In Turkophony, unusual textures abound; listen to the “Weather-Report” like bass lines played percussively on bass clarinet and the polyrhythmic wizardry of drummer Dave Weckl (whose work with the Chick Corea Electric Band was seminal), combined with the pyrotechnics of keyboardist Eric Levy, who slides in and out of makam-like synthesizer settings and hot 1970’s Rhodes piano pentatonic sheets of sound. After all that, turn your attention to the luscious bamboo flute raga of Serkan Bagkesen soaring above the band. If this all sounds improbable, think of the hard-driving grooves of James Brown, then add a blend of Coltrane, Balkan, Georgian, middle eastern and far eastern makams and ragas, and you have Turkophony.

The result is breathtaking. According to the Turkish press, “Orhan is filled not only with a passion for music, but for journey as well. He summons his audience to discover the world... [and] shoots you right in your heart with thousands of emotions.”

Golden Horn releases The Klezmer Shul Live by Veretski Pass September 02 2011

The Klezmer Shul, the latest work of Veretski Pass, is a four movement suite that attempts to bridge the gap between the sacred and the secular, not through the use of words, but with purely instrumental music.

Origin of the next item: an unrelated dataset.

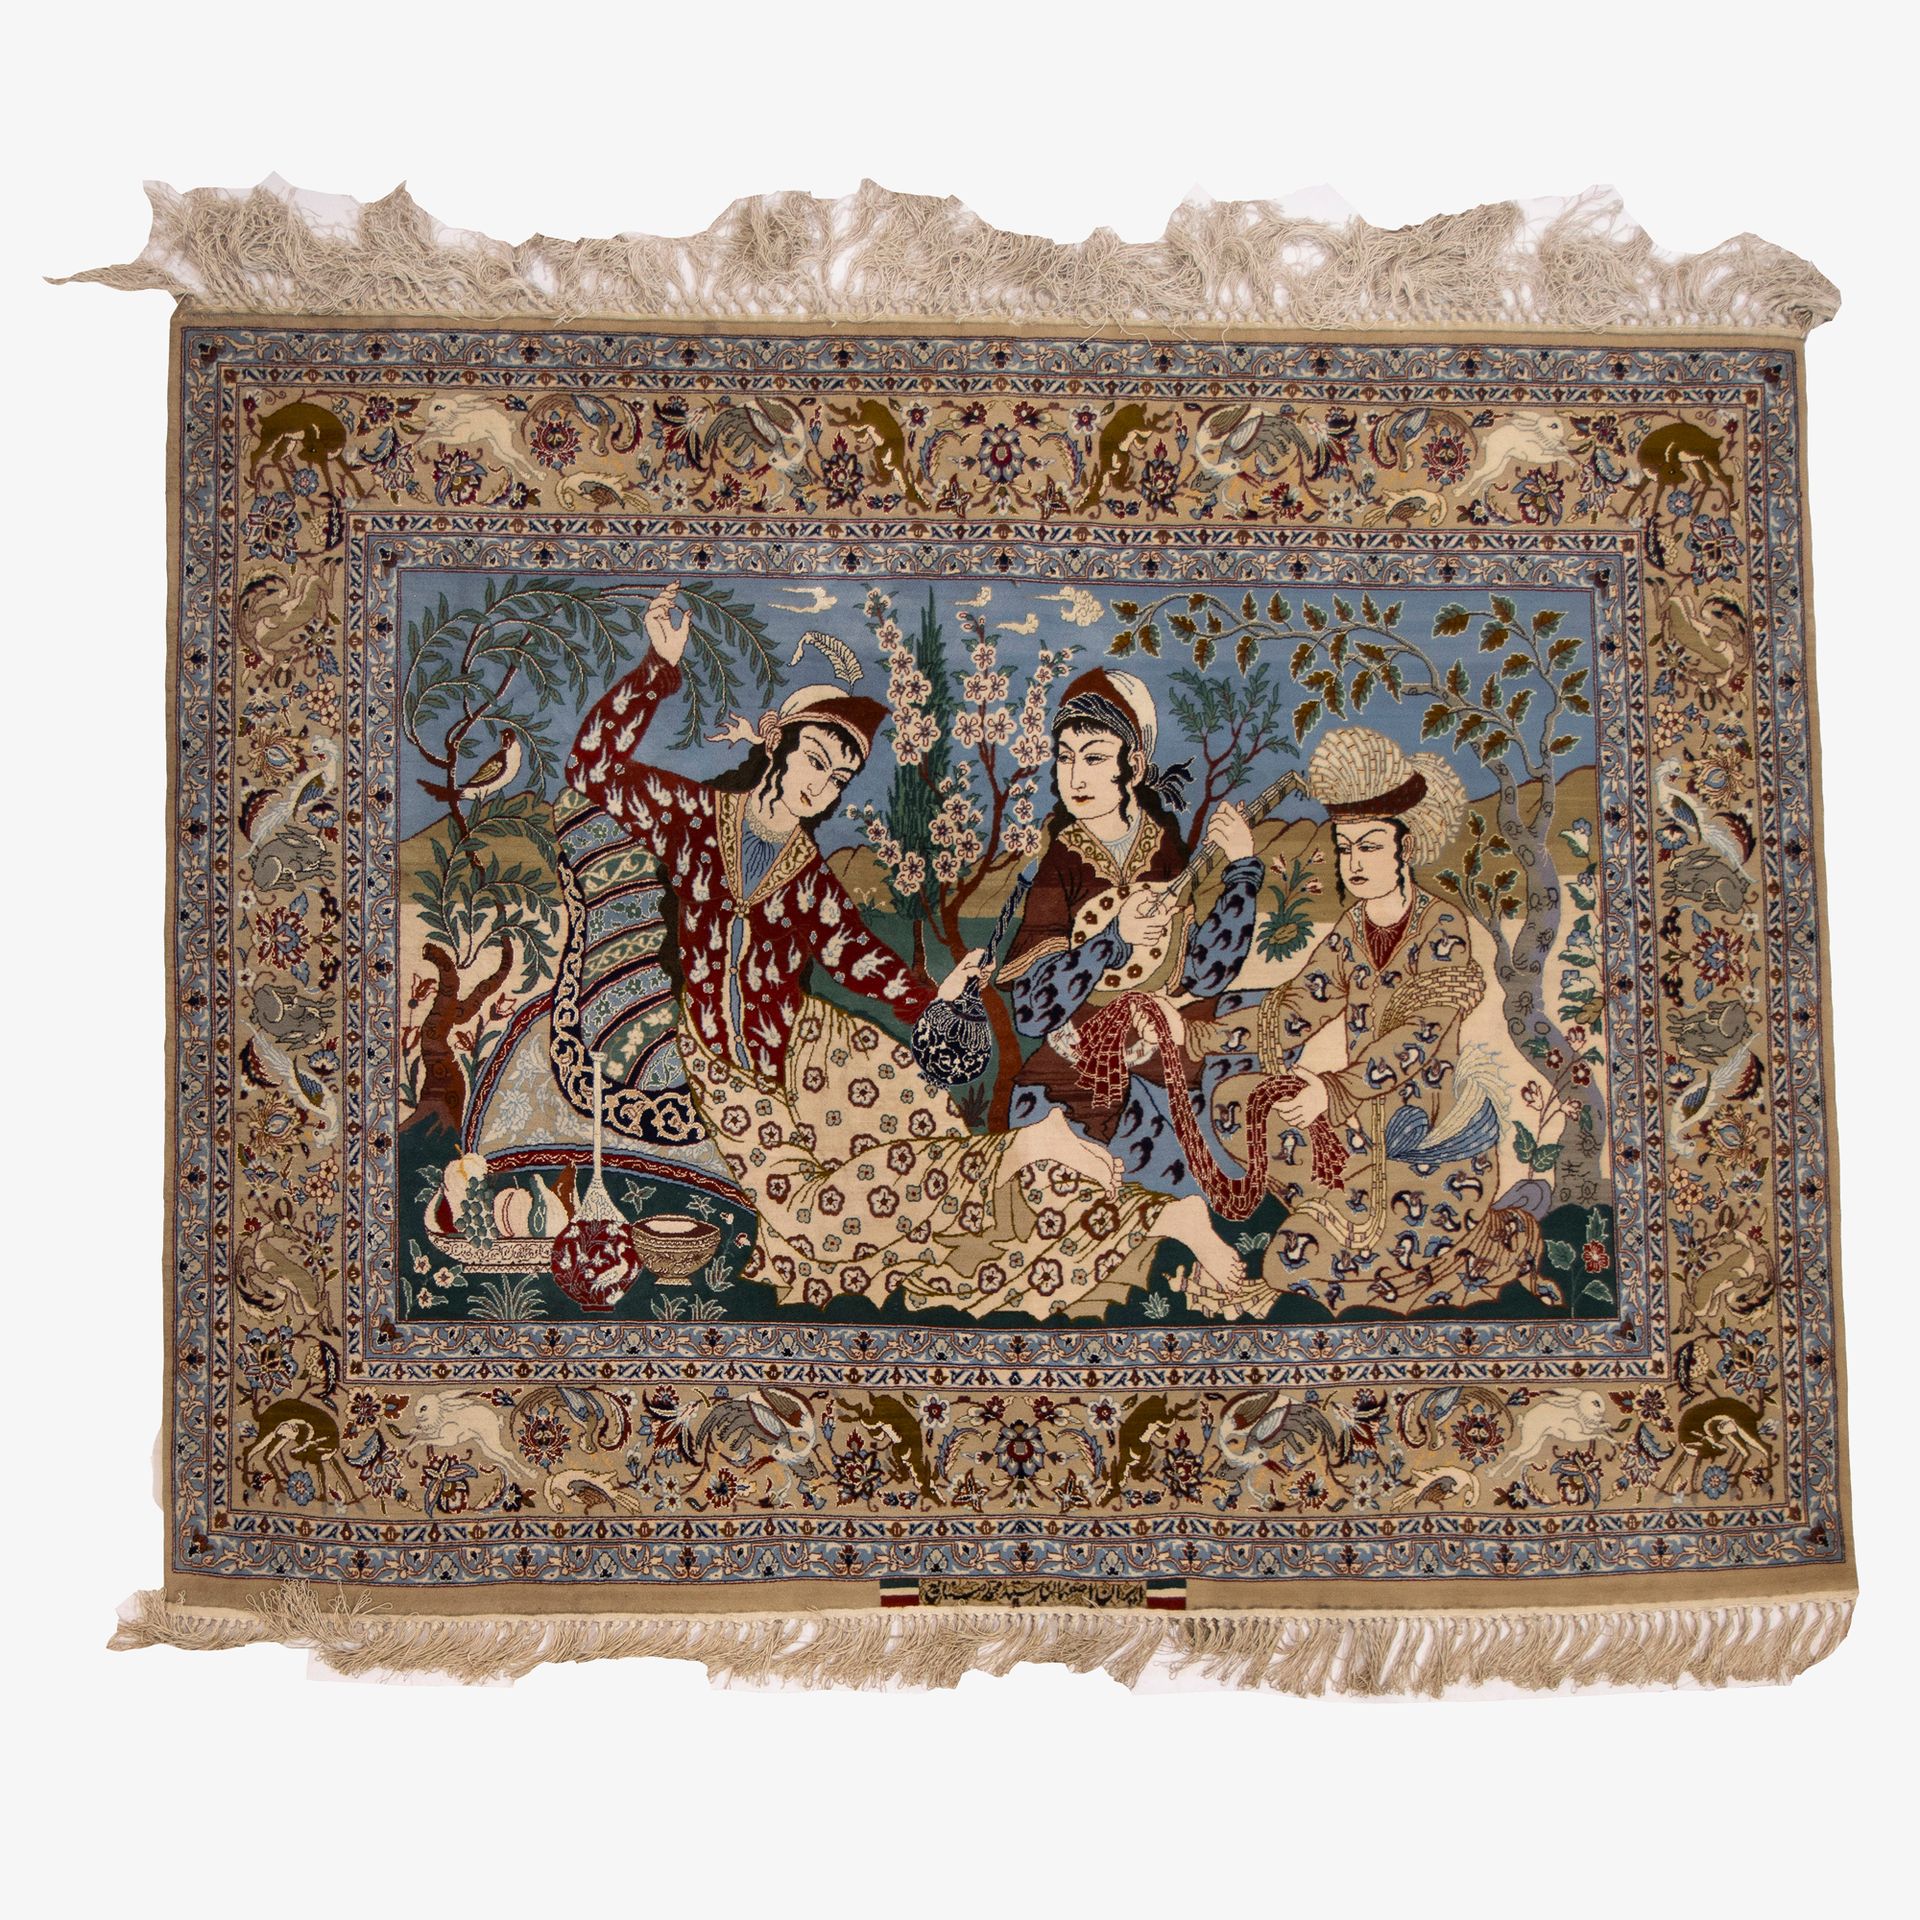 Null Tapisserie persane
Perzich wandtapijt
163,5 x 128 cm

In the 1000 year history of Ashkenazic culture, research has shown that there were Jewish trade guilds, which often established their own small synagogues, or shuls. There were shuls for tailors, shoemakers, stone cutters - and klezmorim (musicians). Inspired by these historic accounts, Stu Brotman obtained a grant from the Creative Work Fund in San Francisco for Veretski Pass to compose a klezmer-based, musical impression of a Jewish service.

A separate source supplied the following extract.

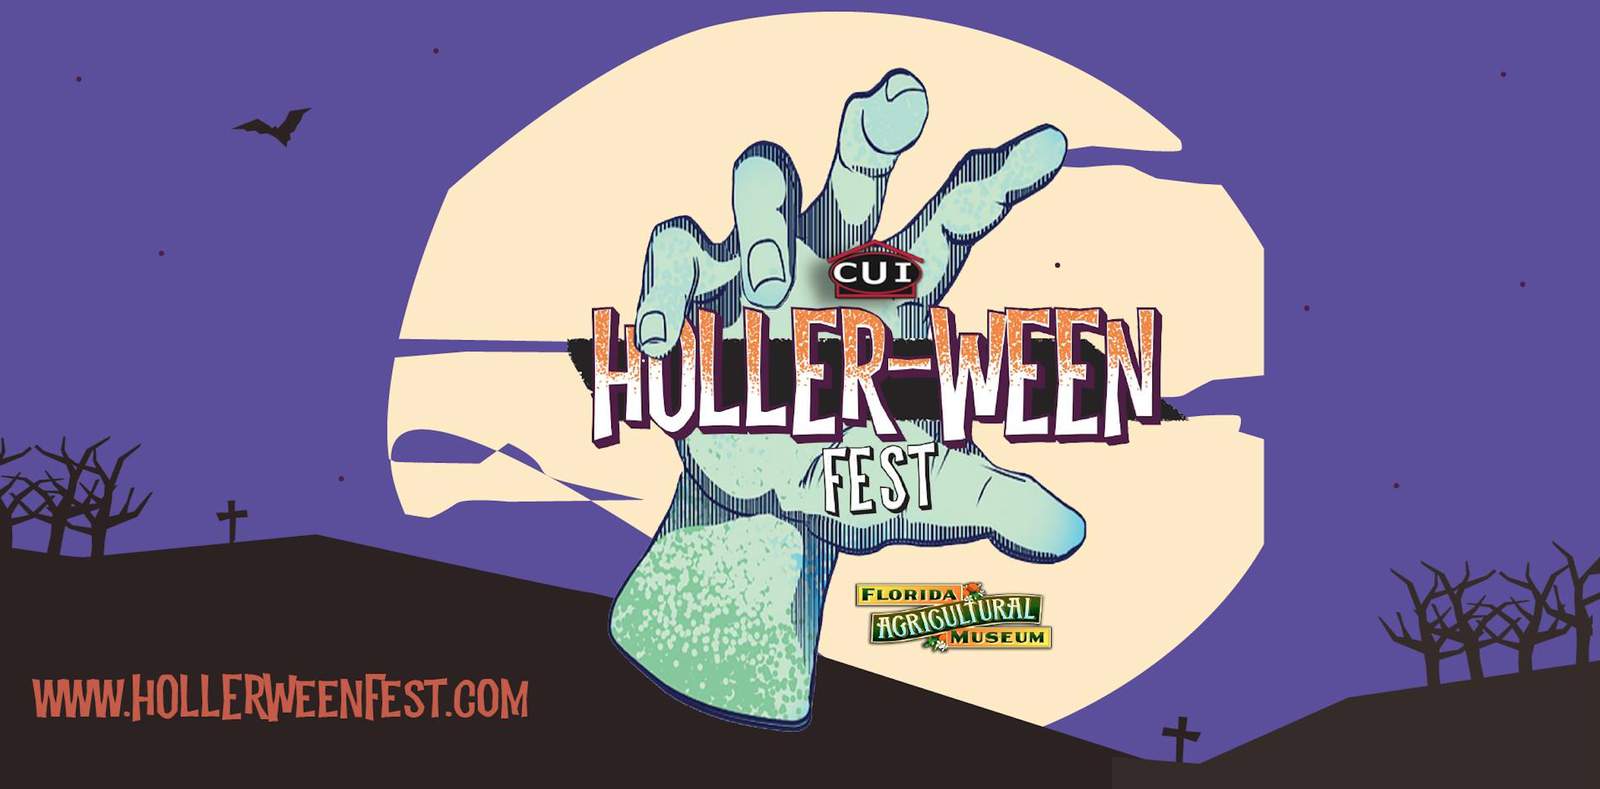 Jacksonville’s best haunted house: CUI Holler-ween Fest

Were these shuls, also known as kloyzn or shtiblekh, places for traditional services, or were they also meeting halls, gathering places for all-night jam sessions with visiting musicians and musical neighbors? In The Klezmer Shul, Cookie, Josh, and Stu reimagine them as centers of multi-cultural music making, where musicians could inspire each other, improvising, recombining, mixing the melodies of the service with local Folk, Classical and popular music.

"For musical inspiration, our sources ranged from the traditional melodies of the synagogue to the folk music of the many peoples among whom Jews lived and worked: Rom (Gypsy), Ukrainian, Hungarian, Romanian, Moldavian, Czech, Polish melodies. Employing techniques of modern Classical composition, modern Jazz, and even Gospel music styles, we felt it important to leave the structure of the arrangements open in order to allow room for improvisation, which generates the core of our work. In this way each performance is spontaneous and unique."

The Klezmer Shul is intended as a spiritual experience, as well as pure concert music. Veretski Pass offers it as a gesture of reconciliation in a world divided by doctrine, and dedicates it to the memory of musicians lost to war.